On nous dira : Stefano Poda ne craint pas d’affronter la difficulté en acceptant de porter à la scène l’opéra de Dukas, dont le livret pose d’épineux problèmes de réalisation, ne serait-ce qu’à propos des éclairages. Ainsi, le premier acte se déroule au crépuscule, la première partie du second dans l’obscurité d’un souterrain avant l’irruption de la lumière de midi et le dernier acte dans la nuit, autant de solutions à trouver pour laisser au spectateur une perception visuelle acceptable sans trahir l’esprit des situations, car ces moments déterminés font partie de la dramaturgie. Mais que propose Stefano Poda ? Pour résoudre la difficulté, il l’ignore ; ainsi, ses lumières ne se soucient ni des conditions ni des moments fixés par Maeterlinck. Or les prescriptions du livret déterminent les actions d’Ariane et du même coup le développement musical. Quoi qu’il affirme, en ne suivant pas strictement les indications relatives à l’intensité de la lumière, il affaiblit du même coup la portée de la musique. Est-ce bien responsable, pour une œuvre dont l’auteur voulait rendre à l’orchestre tout son rôle expressif ?

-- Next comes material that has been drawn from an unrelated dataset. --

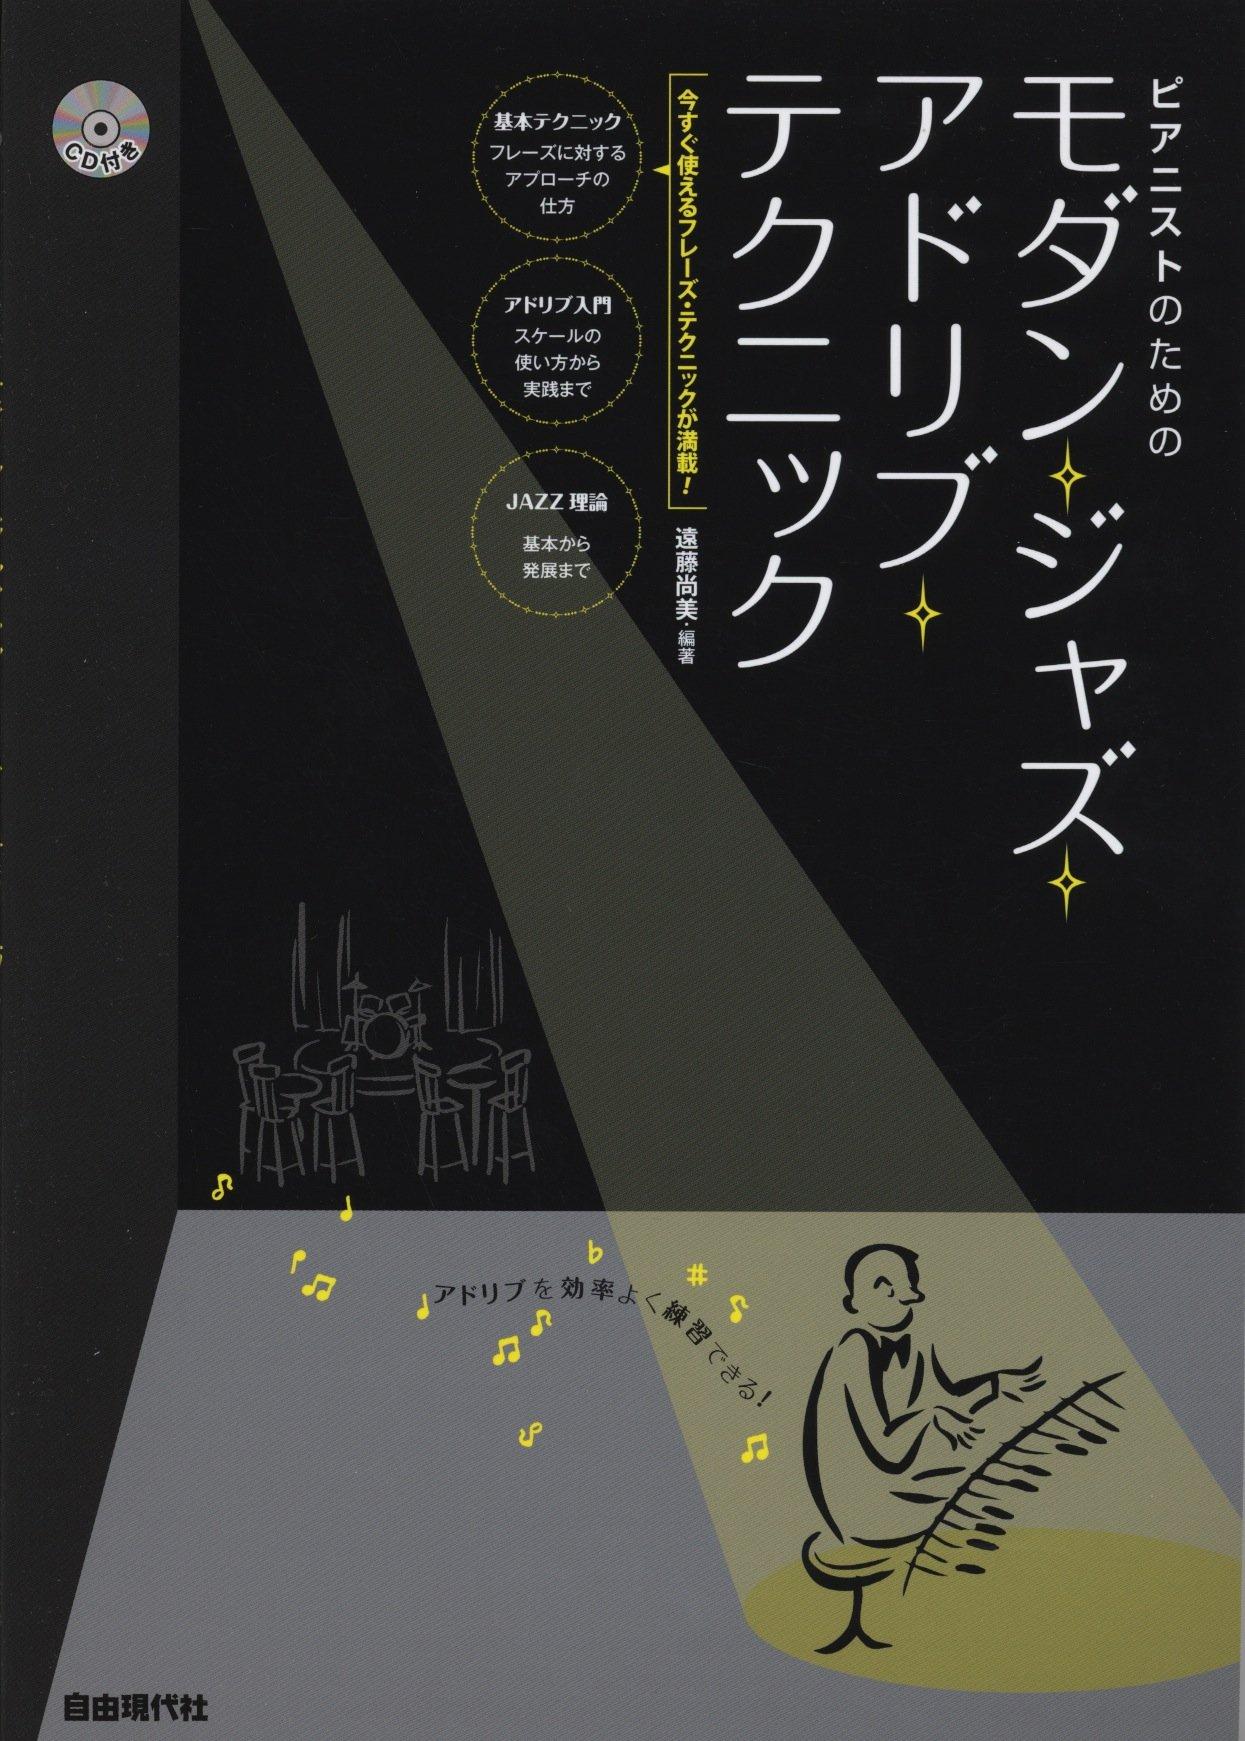 Read Online Pianisuto no tameno modan jazu adoribu tekunikku : Adoribu o kōritsu yoku renshūdekiru : Ima sugu tsukaeru furēzu tekunikku ga mansai pdf epub

Cette répugnance à dompter sa fantaisie pour la soumettre aux choix des auteurs, on la retrouve dans le décor, dans les costumes, dans les manipulations comme celle qui fait apparaître Barbe-Bleue en papillon prisonnier au deuxième acte. Cette invention illustre peut-être le fantasme des épouses soumises ? Mais quand Stefano Poda montre Barbe-Bleue et Ariane s’embrassant longuement, au premier acte, montre-t-il un fantasme ou met-il en place une histoire ? Le livret en raconte une, celle d’une femme consciente du pouvoir que sa beauté lui donne sur Barbe-Bleue, un savoir qu’elle rappelle à ses compagnes d’infortune en leur rendant l’éclat qui l’avait séduit. Il y a là des scènes à faire, des couleurs à montrer, tout est dans le livret et dans la musique. On se voit offrir une pantomime morne où la comédienne Dominique Sanda, « la Sanda » comme disent les Italiens, qui incarne l’étrangère, celle qui ne parle pas la langue et donc ne chante pas, après avoir au premier acte introduit l’obscur défilé où elle cherche « son » homme, est alors gratifiée du même manteau qu’Ariane, inspiré par celui de la Médée de Pasolini, mise en valeur qui nous fait murmurer malgré nous : « O cruel souvenir de ma gloire passée ».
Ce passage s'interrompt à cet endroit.